I'm using the tesseract R package to recognize text within an image file. However, when plotting the bounding box for a word, the coordinates don't seem to be right.
- Why is the bounding box for the word "This" not aligned with the text "This" in the image?
- Is there an easier way to plot all bounding box rectangles on the image?
library(tesseract)
library(magick)
library(tidyverse)
text <- tesseract::ocr_data("http://jeroen.github.io/images/testocr.png")

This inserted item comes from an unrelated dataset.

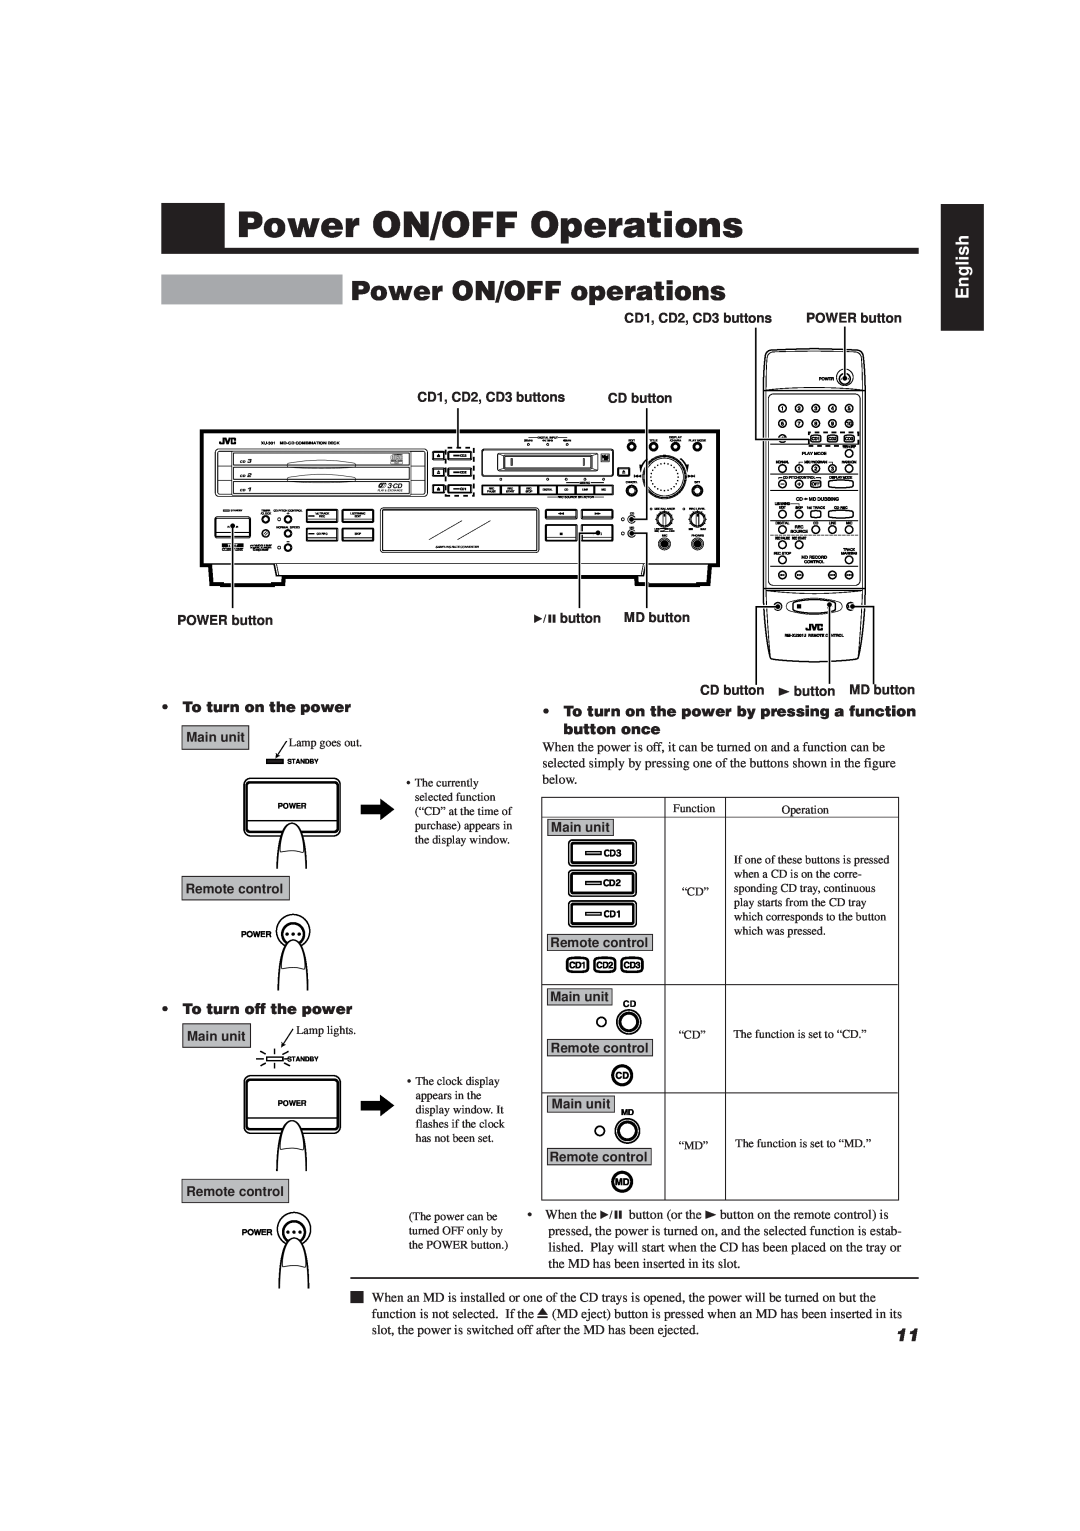 JVC XU-301 manual Power ON/OFF Operations, Power ON/OFF operations, English 
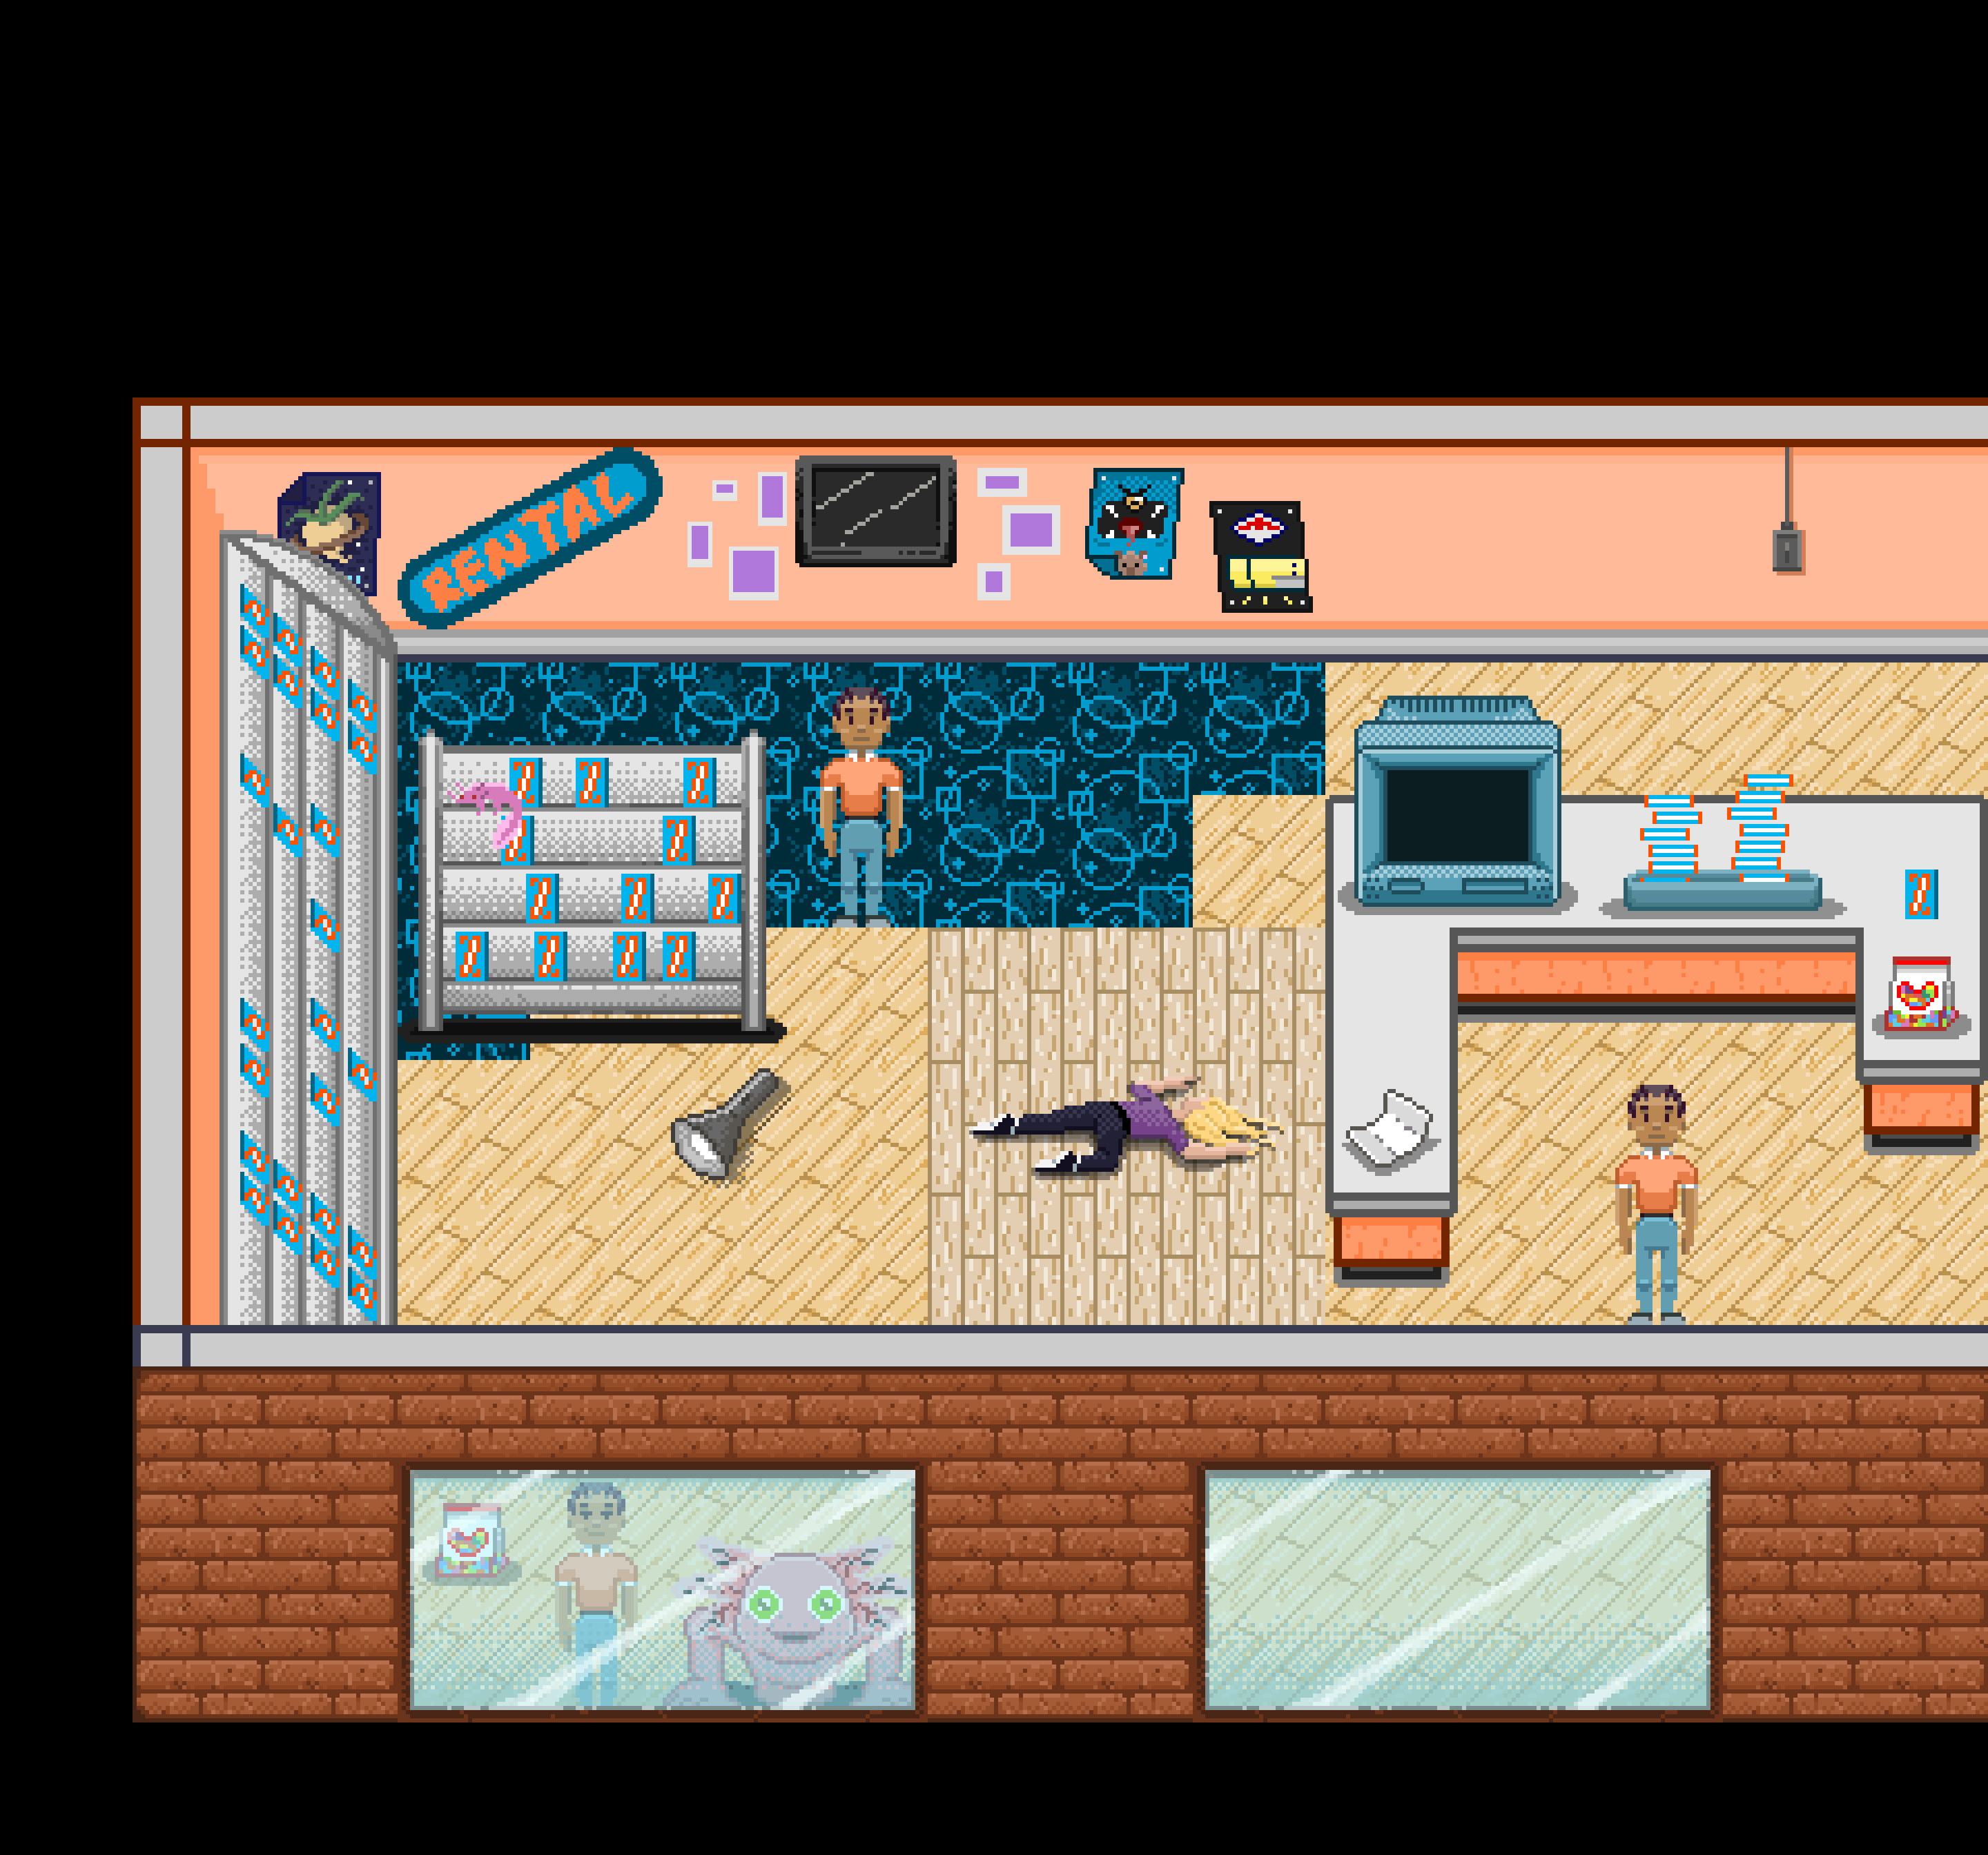 Beautiful Corner 1: Assets created for the game collected in one scene as an example of their contrast, and appearance in game. A saturated two-toned color scheme was modeled after Blockbuster stores in 80s and 90s.

image <- image_read("http://jeroen.github.io/images/testocr.png")
text <- text %>%
separate(bbox, c("x1", "y1", "x2", "y2"), ",") %>%
mutate(
x1 = as.numeric(x1),
y1 = as.numeric(y1),
x2 = as.numeric(x2),
y2 = as.numeric(y2)
)
plot(image)
rect(
xleft = text$x1[1],
ybottom = text$y1[1],
xright = text$x2[1],
ytop = text$y2[1])
CodePudding user response:
This is simply because the x, y co-ordinates of images are counted from the top left, whereas rect
counts from the bottom left. The image is 480 pixels tall, so we can do:
plot(image)
rect(
xleft = text$x1[1],
ybottom = 480 - text$y1[1],
xright = text$x2[1],
ytop = 480 - text$y2[1])
Or, to show this generalizes:
plot(image)
rect(
xleft = text$x1,
ybottom = magick::image_info(image)$height - text$y1,
xright = text$x2,
ytop = magick::image_info(image)$height - text$y2,
border = sample(128, nrow(text)))